Дочь понтифика - Дарио Фо
– И что король?
– По первости, как мне показалось, он слегка сомневался, но ход событий убедил его в моей правоте, и он пожелал, чтобы в открывшиеся ворота мы вошли рука об руку, поровну деля плоды победы. Как мы с тобой сегодня – отец и сын.
Понтифик хмыкает и говорит:
– Не отвлекайся. Итак, Милан пал. Пора вести армию в Романью. Продолжай!
– Для начала мы направились к городам Имола и Форли. Там нашим войскам неожиданно оказали сопротивление и пришлось отбить контратаку местных отрядов под предводительством Катерины Сфорца, женщины, наделенной необычайной храбростью и способностью воодушевлять. Представь: ей удалось разбудить в подданных отвагу, достойную истинных воинов. Нелегко было заставить их сдаться, а ее взять в плен…
Знаки свыше
26 июня, в самом разгаре лета, Александр VI получил некий неблагоприятный знак свыше. Свыше – в самом прямом смысле этого слова: огромная люстра, освещавшая гостиную, сорвалась с потолка и рухнула вниз, прямо на стул понтифика[24], с которого тот только что встал, чтобы поднять с пола золотую монетку, выпавшую из руки. Святой отец был встревожен: как-никак он находился всего в нескольких сантиметрах от смерти. Остался жив благодаря монетке.
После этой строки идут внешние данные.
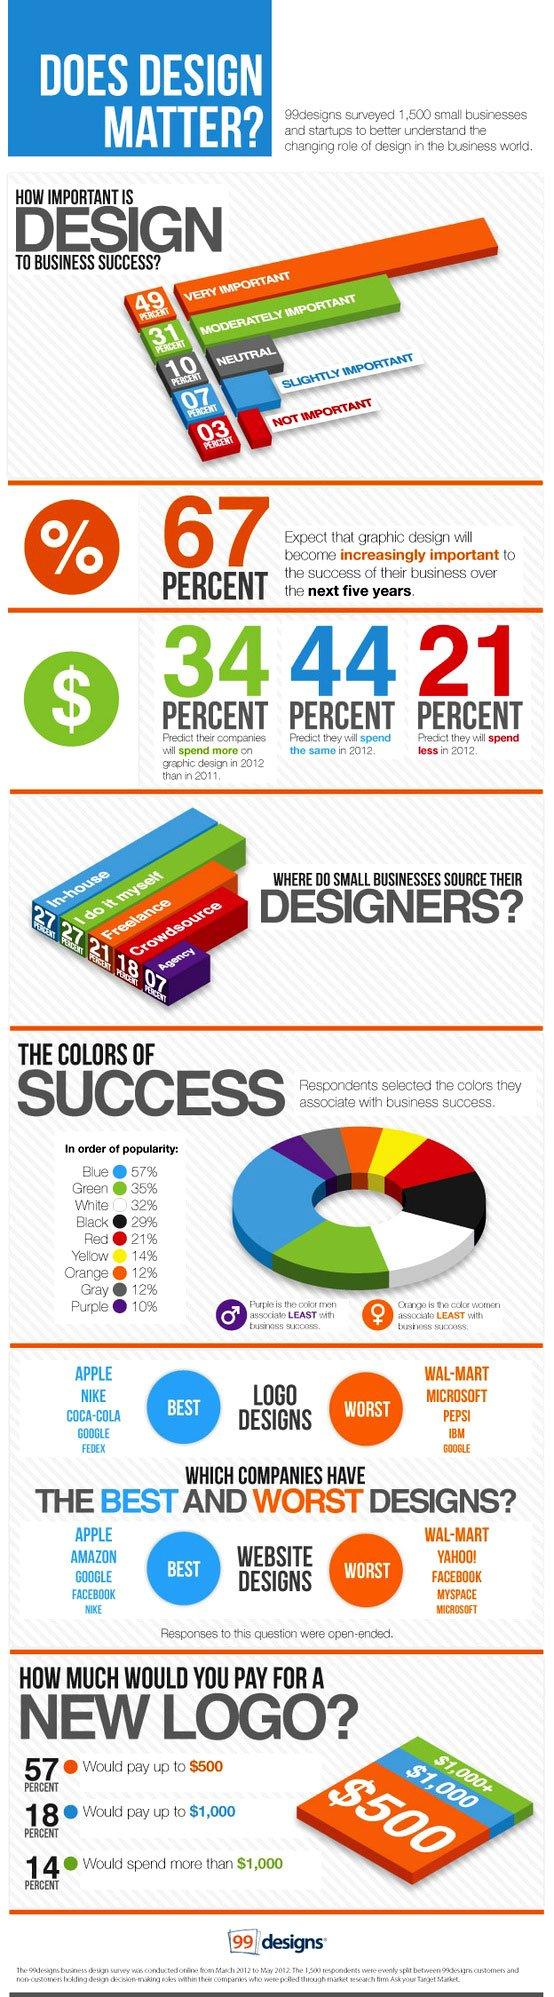 does-design-matter

Это было только первое предупреждение. На следующий день (Чезаре был в отъезде), едва Александр VI начал в зале понтификов аудиенцию с кардиналами, небо озарилось молниями, загрохотал гром; потом – минутное затишье, сменившееся страшной бурей: судный день, да и только. С треском стали ломаться балки, поддерживающие кровлю, и она обрушилась. Понтифик в это время сидел в своем кресле. Нависавший над ним балдахин упал, погребая под собой святого отца. Два кардинала в поисках спасения выпрыгнули в окно[25].
От них весть о беде распространилась по городу. Там и тут слышится: «Погиб! Раздавлен обвалившейся крышей!» Бросились разбирать завалы, чтобы извлечь драгоценные останки, и обнаружили папу под сломанными дугами свалившегося балдахина. И горе и радость: без сознания, но живой.
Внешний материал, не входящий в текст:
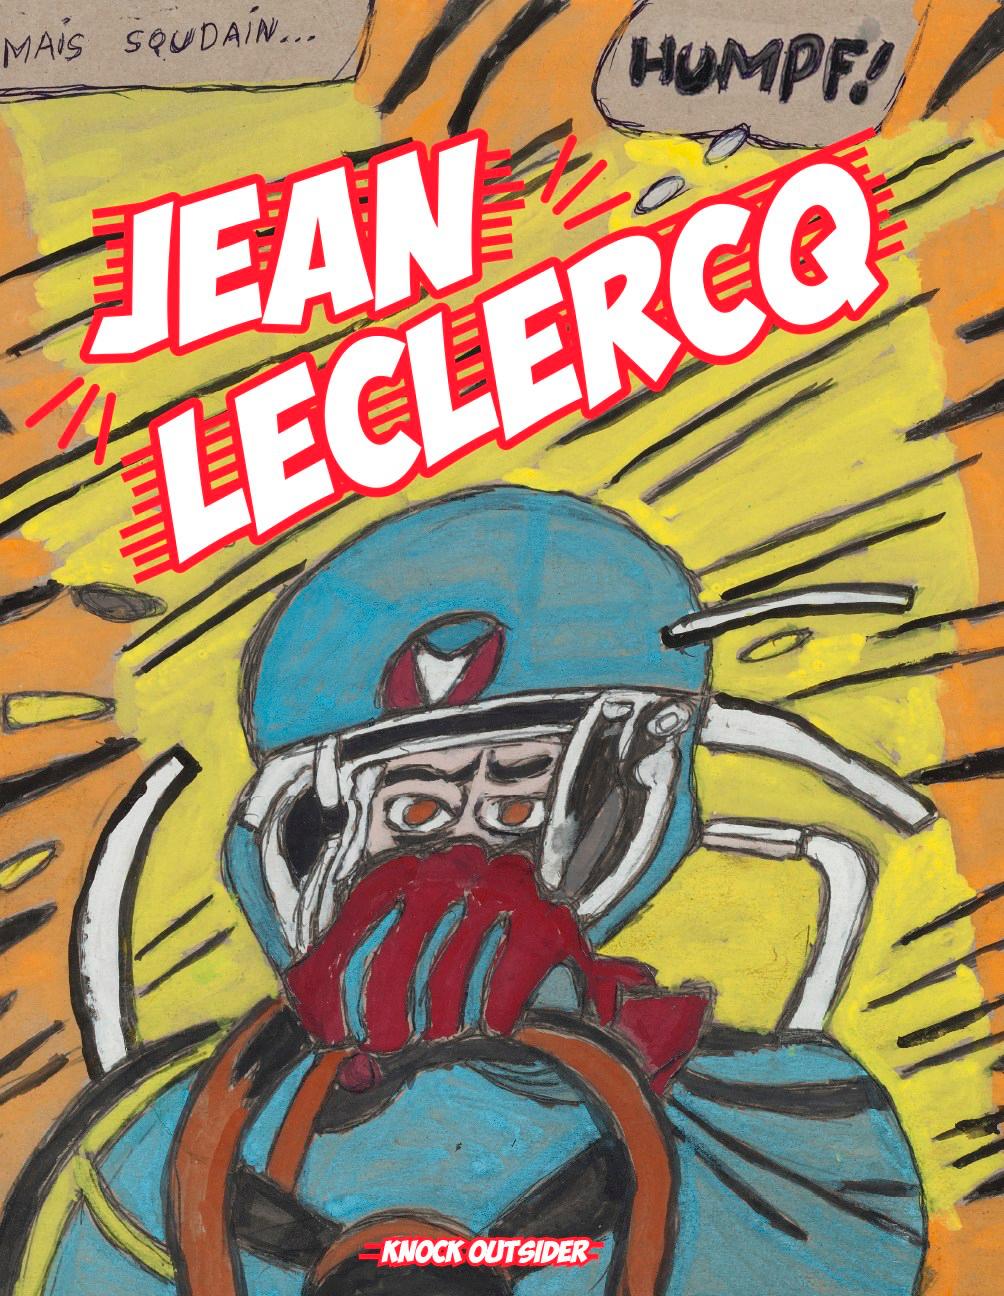 Jean Leclerq-couv

Александр VI в постели, с ним – только дочь. Придя в чувство, он попросил, чтобы она переехала к нему, больше никого не пожелал видеть.
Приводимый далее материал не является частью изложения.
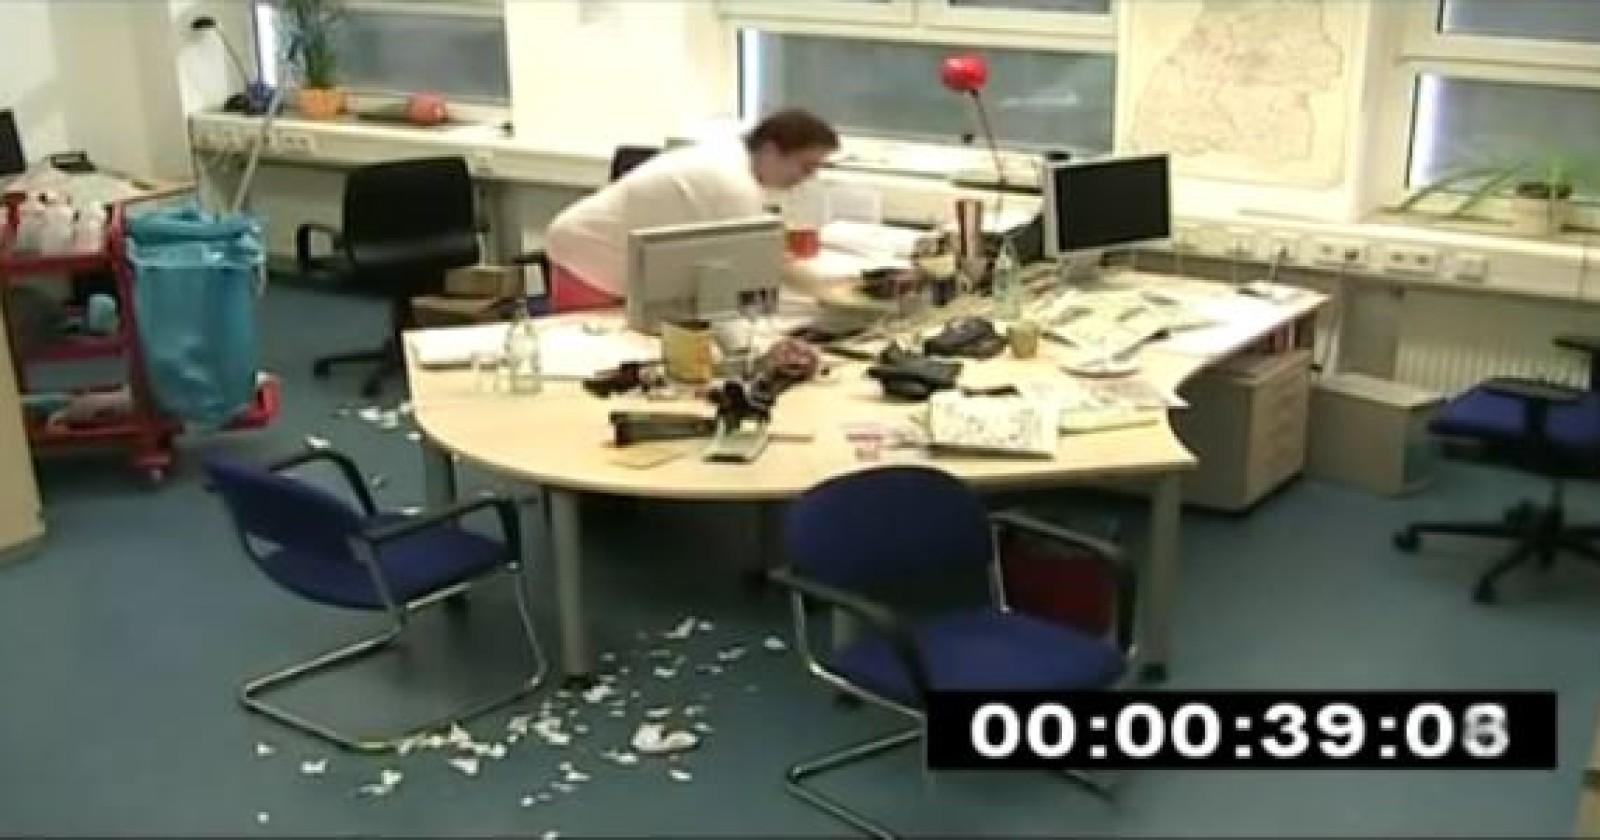 Büro reinigen in 4 Minuten? Unfassbar!

15 июля 1500 года. Тишь да гладь, божья благодать. Базилика святого Петра. По лестнице у входа в портик поднимается Альфонсо Арагонский. Почти доходит доверху, как вдруг на него набрасываются, размахивая внушительными кинжалами, какие-то люди в масках. Альфонсо, ловко уворачиваясь, отскакивает в сторону, но один из клинков рассекает ему руку. Двенадцатый час ночи, тусклые светильники, закрепленные на арочном своде, не позволяют ясно разглядеть всю картину. Кто-то из злоумышленников подбирается к жертве со спины, наносит кинжалом удар в шею и бросается прочь. Все происходит в полном молчании.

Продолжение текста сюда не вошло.